Directions:
Could you write out the records below exactly, without omitting a line?

Input material:
━━━━━━━━━━
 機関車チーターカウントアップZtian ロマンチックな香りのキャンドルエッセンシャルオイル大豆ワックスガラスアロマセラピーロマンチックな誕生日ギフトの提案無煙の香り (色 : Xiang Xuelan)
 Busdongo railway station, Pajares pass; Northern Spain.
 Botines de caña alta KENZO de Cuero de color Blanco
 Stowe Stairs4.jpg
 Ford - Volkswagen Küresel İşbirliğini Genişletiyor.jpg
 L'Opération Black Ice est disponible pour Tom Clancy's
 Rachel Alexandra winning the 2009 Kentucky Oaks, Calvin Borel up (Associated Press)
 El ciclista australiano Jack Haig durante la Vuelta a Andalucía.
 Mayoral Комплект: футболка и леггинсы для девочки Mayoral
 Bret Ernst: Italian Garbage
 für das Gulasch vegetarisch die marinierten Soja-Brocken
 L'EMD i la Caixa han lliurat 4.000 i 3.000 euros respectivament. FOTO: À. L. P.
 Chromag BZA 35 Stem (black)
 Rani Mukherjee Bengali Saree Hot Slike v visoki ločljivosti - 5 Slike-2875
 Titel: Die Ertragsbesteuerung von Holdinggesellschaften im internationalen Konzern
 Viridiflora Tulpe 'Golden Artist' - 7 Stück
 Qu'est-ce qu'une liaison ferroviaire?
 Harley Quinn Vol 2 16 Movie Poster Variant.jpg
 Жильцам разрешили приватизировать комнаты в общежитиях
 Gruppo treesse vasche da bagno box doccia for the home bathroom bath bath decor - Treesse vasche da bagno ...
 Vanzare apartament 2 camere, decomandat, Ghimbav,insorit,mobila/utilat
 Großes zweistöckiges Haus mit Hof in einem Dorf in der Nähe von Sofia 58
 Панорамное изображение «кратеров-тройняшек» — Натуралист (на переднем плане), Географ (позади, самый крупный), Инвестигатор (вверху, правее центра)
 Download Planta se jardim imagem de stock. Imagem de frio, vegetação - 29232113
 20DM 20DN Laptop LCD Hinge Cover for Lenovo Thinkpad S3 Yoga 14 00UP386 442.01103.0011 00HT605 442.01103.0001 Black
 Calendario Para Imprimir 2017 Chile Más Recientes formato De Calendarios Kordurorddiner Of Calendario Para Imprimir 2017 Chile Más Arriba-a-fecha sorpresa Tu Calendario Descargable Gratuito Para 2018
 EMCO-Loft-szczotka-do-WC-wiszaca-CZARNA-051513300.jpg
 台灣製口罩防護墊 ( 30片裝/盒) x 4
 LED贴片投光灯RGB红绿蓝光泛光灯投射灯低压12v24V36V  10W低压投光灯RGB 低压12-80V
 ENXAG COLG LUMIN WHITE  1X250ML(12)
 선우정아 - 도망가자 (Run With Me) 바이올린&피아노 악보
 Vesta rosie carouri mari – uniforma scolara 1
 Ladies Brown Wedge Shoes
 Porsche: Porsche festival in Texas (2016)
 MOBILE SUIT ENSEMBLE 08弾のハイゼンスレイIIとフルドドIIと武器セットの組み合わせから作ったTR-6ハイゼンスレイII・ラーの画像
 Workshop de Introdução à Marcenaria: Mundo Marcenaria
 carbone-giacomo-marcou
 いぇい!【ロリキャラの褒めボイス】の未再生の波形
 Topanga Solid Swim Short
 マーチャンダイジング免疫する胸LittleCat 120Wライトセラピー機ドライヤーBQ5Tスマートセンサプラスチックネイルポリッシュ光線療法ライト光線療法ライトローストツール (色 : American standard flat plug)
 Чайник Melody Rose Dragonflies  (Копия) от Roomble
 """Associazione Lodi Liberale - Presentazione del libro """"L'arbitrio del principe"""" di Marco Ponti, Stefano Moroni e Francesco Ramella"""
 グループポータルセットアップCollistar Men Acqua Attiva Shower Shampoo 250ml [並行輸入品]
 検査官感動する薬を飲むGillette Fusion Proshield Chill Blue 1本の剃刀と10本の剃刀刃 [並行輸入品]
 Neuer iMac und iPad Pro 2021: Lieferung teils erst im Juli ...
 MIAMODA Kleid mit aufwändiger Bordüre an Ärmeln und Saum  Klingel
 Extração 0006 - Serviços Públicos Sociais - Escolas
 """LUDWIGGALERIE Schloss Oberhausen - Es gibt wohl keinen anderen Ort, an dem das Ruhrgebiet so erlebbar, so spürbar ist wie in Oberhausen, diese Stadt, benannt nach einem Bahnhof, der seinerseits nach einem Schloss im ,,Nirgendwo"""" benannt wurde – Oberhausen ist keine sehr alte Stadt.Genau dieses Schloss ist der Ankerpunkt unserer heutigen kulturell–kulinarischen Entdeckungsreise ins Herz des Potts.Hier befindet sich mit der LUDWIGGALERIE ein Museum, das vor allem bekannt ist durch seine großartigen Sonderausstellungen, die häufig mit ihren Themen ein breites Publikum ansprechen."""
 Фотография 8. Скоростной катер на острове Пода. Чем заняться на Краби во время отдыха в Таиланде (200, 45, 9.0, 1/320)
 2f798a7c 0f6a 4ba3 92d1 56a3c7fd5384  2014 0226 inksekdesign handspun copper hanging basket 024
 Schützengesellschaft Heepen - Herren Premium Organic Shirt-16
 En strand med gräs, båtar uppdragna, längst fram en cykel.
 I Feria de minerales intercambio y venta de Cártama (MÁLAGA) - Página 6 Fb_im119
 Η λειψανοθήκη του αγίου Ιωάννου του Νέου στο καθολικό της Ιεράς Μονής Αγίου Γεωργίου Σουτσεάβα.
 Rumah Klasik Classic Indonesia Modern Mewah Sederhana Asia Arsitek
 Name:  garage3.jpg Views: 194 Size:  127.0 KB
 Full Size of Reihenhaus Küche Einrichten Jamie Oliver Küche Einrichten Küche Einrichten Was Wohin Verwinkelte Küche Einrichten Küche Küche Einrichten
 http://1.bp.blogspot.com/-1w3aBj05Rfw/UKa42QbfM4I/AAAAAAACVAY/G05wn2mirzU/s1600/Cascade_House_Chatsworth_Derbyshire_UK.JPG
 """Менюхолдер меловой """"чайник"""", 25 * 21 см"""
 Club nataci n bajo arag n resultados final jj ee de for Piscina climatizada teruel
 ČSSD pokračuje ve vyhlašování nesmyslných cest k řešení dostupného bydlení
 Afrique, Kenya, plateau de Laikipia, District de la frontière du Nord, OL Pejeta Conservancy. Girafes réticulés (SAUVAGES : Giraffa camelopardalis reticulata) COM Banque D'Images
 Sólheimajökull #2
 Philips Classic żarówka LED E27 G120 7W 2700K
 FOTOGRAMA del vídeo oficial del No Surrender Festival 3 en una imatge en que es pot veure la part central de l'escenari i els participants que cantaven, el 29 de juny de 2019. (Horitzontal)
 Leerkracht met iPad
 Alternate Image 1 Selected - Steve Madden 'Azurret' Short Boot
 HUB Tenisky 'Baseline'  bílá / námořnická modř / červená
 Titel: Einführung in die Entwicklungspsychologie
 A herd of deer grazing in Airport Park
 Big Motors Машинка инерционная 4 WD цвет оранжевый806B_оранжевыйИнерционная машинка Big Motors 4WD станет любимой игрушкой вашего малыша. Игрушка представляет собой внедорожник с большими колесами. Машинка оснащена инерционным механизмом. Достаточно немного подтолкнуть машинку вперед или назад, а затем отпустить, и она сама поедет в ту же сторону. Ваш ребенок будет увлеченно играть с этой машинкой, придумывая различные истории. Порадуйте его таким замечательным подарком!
━━━━━━━━━━
Reply:
 機関車チーターカウントアップZtian ロマンチックな香りのキャンドルエッセンシャルオイル大豆ワックスガラスアロマセラピーロマンチックな誕生日ギフトの提案無煙の香り (色 : Xiang Xuelan)
 Busdongo railway station, Pajares pass; Northern Spain.
 Botines de caña alta KENZO de Cuero de color Blanco
 Stowe Stairs4.jpg
 Ford - Volkswagen Küresel İşbirliğini Genişletiyor.jpg
 L'Opération Black Ice est disponible pour Tom Clancy's
 Rachel Alexandra winning the 2009 Kentucky Oaks, Calvin Borel up (Associated Press)
 El ciclista australiano Jack Haig durante la Vuelta a Andalucía.
 Mayoral Комплект: футболка и леггинсы для девочки Mayoral
 Bret Ernst: Italian Garbage
 für das Gulasch vegetarisch die marinierten Soja-Brocken
 L'EMD i la Caixa han lliurat 4.000 i 3.000 euros respectivament. FOTO: À. L. P.
 Chromag BZA 35 Stem (black)
 Rani Mukherjee Bengali Saree Hot Slike v visoki ločljivosti - 5 Slike-2875
 Titel: Die Ertragsbesteuerung von Holdinggesellschaften im internationalen Konzern
 Viridiflora Tulpe 'Golden Artist' - 7 Stück
 Qu'est-ce qu'une liaison ferroviaire?
 Harley Quinn Vol 2 16 Movie Poster Variant.jpg
 Жильцам разрешили приватизировать комнаты в общежитиях
 Gruppo treesse vasche da bagno box doccia for the home bathroom bath bath decor - Treesse vasche da bagno ...
 Vanzare apartament 2 camere, decomandat, Ghimbav,insorit,mobila/utilat
 Großes zweistöckiges Haus mit Hof in einem Dorf in der Nähe von Sofia 58
 Панорамное изображение «кратеров-тройняшек» — Натуралист (на переднем плане), Географ (позади, самый крупный), Инвестигатор (вверху, правее центра)
 Download Planta se jardim imagem de stock. Imagem de frio, vegetação - 29232113
 20DM 20DN Laptop LCD Hinge Cover for Lenovo Thinkpad S3 Yoga 14 00UP386 442.01103.0011 00HT605 442.01103.0001 Black
 Calendario Para Imprimir 2017 Chile Más Recientes formato De Calendarios Kordurorddiner Of Calendario Para Imprimir 2017 Chile Más Arriba-a-fecha sorpresa Tu Calendario Descargable Gratuito Para 2018
 EMCO-Loft-szczotka-do-WC-wiszaca-CZARNA-051513300.jpg
 台灣製口罩防護墊 ( 30片裝/盒) x 4
 LED贴片投光灯RGB红绿蓝光泛光灯投射灯低压12v24V36V  10W低压投光灯RGB 低压12-80V
 ENXAG COLG LUMIN WHITE  1X250ML(12)
 선우정아 - 도망가자 (Run With Me) 바이올린&피아노 악보
 Vesta rosie carouri mari – uniforma scolara 1
 Ladies Brown Wedge Shoes
 Porsche: Porsche festival in Texas (2016)
 MOBILE SUIT ENSEMBLE 08弾のハイゼンスレイIIとフルドドIIと武器セットの組み合わせから作ったTR-6ハイゼンスレイII・ラーの画像
 Workshop de Introdução à Marcenaria: Mundo Marcenaria
 carbone-giacomo-marcou
 いぇい!【ロリキャラの褒めボイス】の未再生の波形
 Topanga Solid Swim Short
 マーチャンダイジング免疫する胸LittleCat 120Wライトセラピー機ドライヤーBQ5Tスマートセンサプラスチックネイルポリッシュ光線療法ライト光線療法ライトローストツール (色 : American standard flat plug)
 Чайник Melody Rose Dragonflies  (Копия) от Roomble
 """Associazione Lodi Liberale - Presentazione del libro """"L'arbitrio del principe"""" di Marco Ponti, Stefano Moroni e Francesco Ramella"""
 グループポータルセットアップCollistar Men Acqua Attiva Shower Shampoo 250ml [並行輸入品]
 検査官感動する薬を飲むGillette Fusion Proshield Chill Blue 1本の剃刀と10本の剃刀刃 [並行輸入品]
 Neuer iMac und iPad Pro 2021: Lieferung teils erst im Juli ...
 MIAMODA Kleid mit aufwändiger Bordüre an Ärmeln und Saum  Klingel
 Extração 0006 - Serviços Públicos Sociais - Escolas
 """LUDWIGGALERIE Schloss Oberhausen - Es gibt wohl keinen anderen Ort, an dem das Ruhrgebiet so erlebbar, so spürbar ist wie in Oberhausen, diese Stadt, benannt nach einem Bahnhof, der seinerseits nach einem Schloss im ,,Nirgendwo"""" benannt wurde – Oberhausen ist keine sehr alte Stadt.Genau dieses Schloss ist der Ankerpunkt unserer heutigen kulturell–kulinarischen Entdeckungsreise ins Herz des Potts.Hier befindet sich mit der LUDWIGGALERIE ein Museum, das vor allem bekannt ist durch seine großartigen Sonderausstellungen, die häufig mit ihren Themen ein breites Publikum ansprechen."""
 Фотография 8. Скоростной катер на острове Пода. Чем заняться на Краби во время отдыха в Таиланде (200, 45, 9.0, 1/320)
 2f798a7c 0f6a 4ba3 92d1 56a3c7fd5384  2014 0226 inksekdesign handspun copper hanging basket 024
 Schützengesellschaft Heepen - Herren Premium Organic Shirt-16
 En strand med gräs, båtar uppdragna, längst fram en cykel.
 I Feria de minerales intercambio y venta de Cártama (MÁLAGA) - Página 6 Fb_im119
 Η λειψανοθήκη του αγίου Ιωάννου του Νέου στο καθολικό της Ιεράς Μονής Αγίου Γεωργίου Σουτσεάβα.
 Rumah Klasik Classic Indonesia Modern Mewah Sederhana Asia Arsitek
 Name:  garage3.jpg Views: 194 Size:  127.0 KB
 Full Size of Reihenhaus Küche Einrichten Jamie Oliver Küche Einrichten Küche Einrichten Was Wohin Verwinkelte Küche Einrichten Küche Küche Einrichten
 http://1.bp.blogspot.com/-1w3aBj05Rfw/UKa42QbfM4I/AAAAAAACVAY/G05wn2mirzU/s1600/Cascade_House_Chatsworth_Derbyshire_UK.JPG
 """Менюхолдер меловой """"чайник"""", 25 * 21 см"""
 Club nataci n bajo arag n resultados final jj ee de for Piscina climatizada teruel
 ČSSD pokračuje ve vyhlašování nesmyslných cest k řešení dostupného bydlení
 Afrique, Kenya, plateau de Laikipia, District de la frontière du Nord, OL Pejeta Conservancy. Girafes réticulés (SAUVAGES : Giraffa camelopardalis reticulata) COM Banque D'Images
 Sólheimajökull #2
 Philips Classic żarówka LED E27 G120 7W 2700K
 FOTOGRAMA del vídeo oficial del No Surrender Festival 3 en una imatge en que es pot veure la part central de l'escenari i els participants que cantaven, el 29 de juny de 2019. (Horitzontal)
 Leerkracht met iPad
 Alternate Image 1 Selected - Steve Madden 'Azurret' Short Boot
 HUB Tenisky 'Baseline'  bílá / námořnická modř / červená
 Titel: Einführung in die Entwicklungspsychologie
 A herd of deer grazing in Airport Park
 Big Motors Машинка инерционная 4 WD цвет оранжевый806B_оранжевыйИнерционная машинка Big Motors 4WD станет любимой игрушкой вашего малыша. Игрушка представляет собой внедорожник с большими колесами. Машинка оснащена инерционным механизмом. Достаточно немного подтолкнуть машинку вперед или назад, а затем отпустить, и она сама поедет в ту же сторону. Ваш ребенок будет увлеченно играть с этой машинкой, придумывая различные истории. Порадуйте его таким замечательным подарком!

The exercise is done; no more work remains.